Les paroles de Ponge

Publié le par Precy

 

Très souvent, on y est revenu, à cette vanité de l’écriture. A ce « à quoi bon », puisque, pour faire court, ça avait déjà été dit, et puis mieux, et puis c’était à une époque où c’était nouveau, n’est-ce pas. On en a discuté parfois, du temps de la fac, autour d’un café ou d’une bière, et on répétait comme une provocation « oui, écrire, bien sûr, mais pff… » Souffrance déjà entrevue, clarté tellement peu accessible. Et puis on savait faire autrement pour tenir les choses, pas tellement agir sur elles, mais croire qu’on les possède, les circonscrit… On savait faire des enfants, gratter la terre, pétrir la pâte. Les mots, c’est autre chose. Il faut mettre le pied dessus, leur faire rendre gorge, et puis si possible, pas de la même façon que le voisin, hein. Alors, à quoi bon, par où commencer.

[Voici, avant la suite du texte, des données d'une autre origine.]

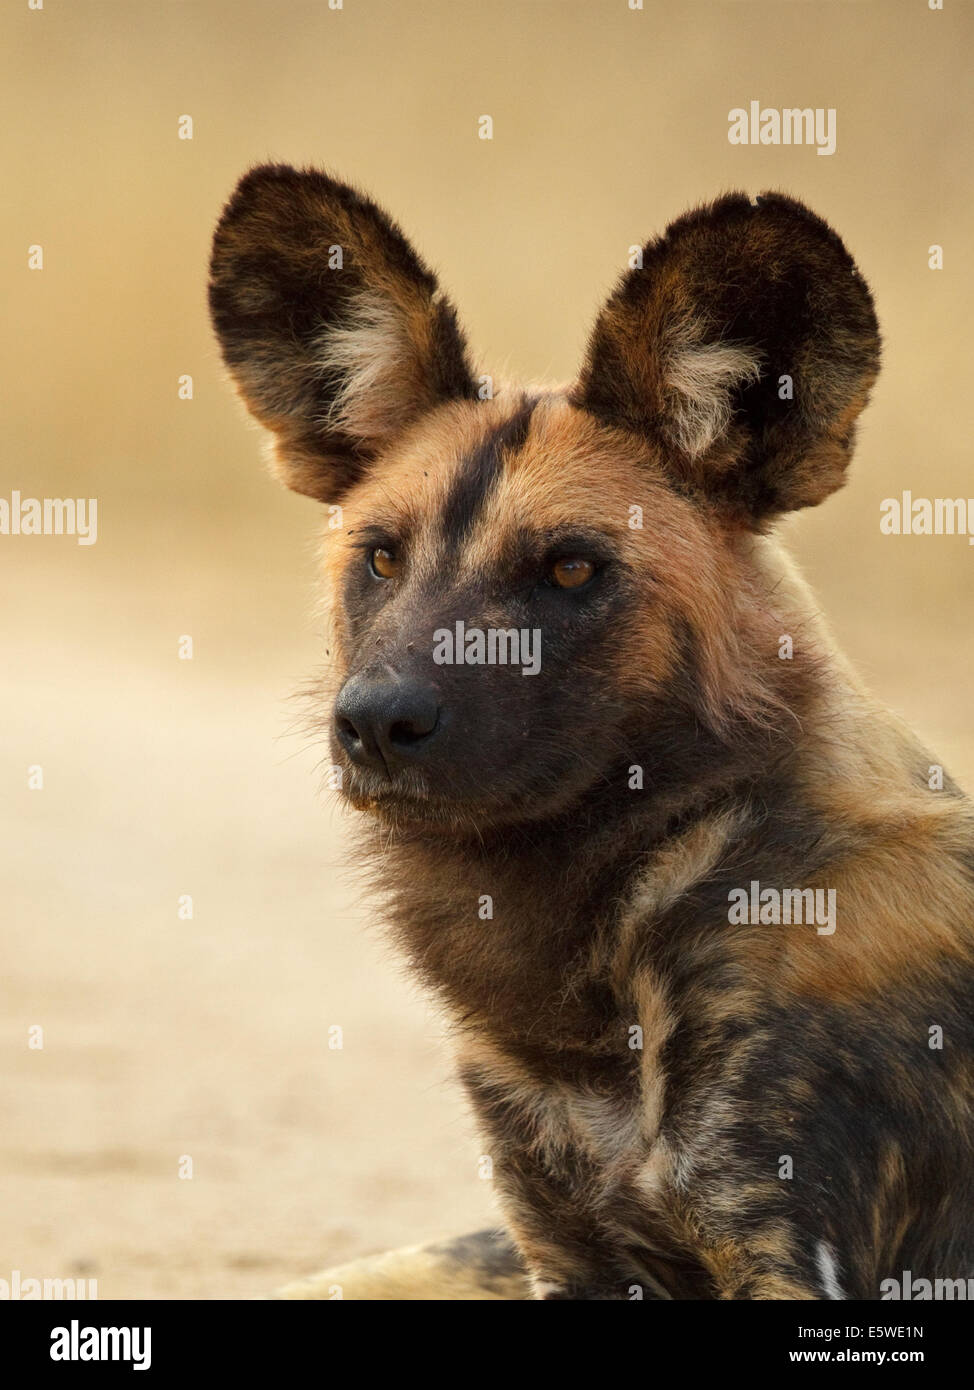 African Wild Dog (Painted Dog) (Lycaon pictus), Stock Photo

 Et puis, un jour, à la faveur d’un cours à donner, on tombe sur des paroles de Ponge. Celui qu’on aime, justement parce qu’il sait exprimer, comme on tire le jus d’une orange, parce qu’il sait faire le tour : voilà, j’ai tout dit, au suivant. C’est violent, mais c’est tentant. Ce qu’il nous dit à ce moment là, touche pile là où ça fait mal : on pensait que les mots étaient devenus transparents à force de traîner un peu partout, surtout dans des endroits peu recommandables, on pensait qu’ils avaient perdu de leur force (si tu réfléchis au nombre d’individus qui ont dit « je t’aime » avant toi ?), et puis le voilà, le poète, avec son air de pas y toucher, qui te parle exactement de ce dont tu as besoin au moment où tu en as besoin : « N’en déplaise aux paroles elles mêmes, étant donné les habitudes que dans tant de bouches infectes elles ont contractées, il faut un certain courage pour se décider non seulement à écrire mais même à parler. Un tas de vieux chiffons pas à prendre avec des pincettes, voilà ce qu’on nous offre à remuer, à secouer, à changer de place. Dans l’espoir secret que nous nous tairons. Eh bien ! relevons le défi. » (in Proêmes ?). On a moins de mal, après, à dire que la littérature nous aide à vivre.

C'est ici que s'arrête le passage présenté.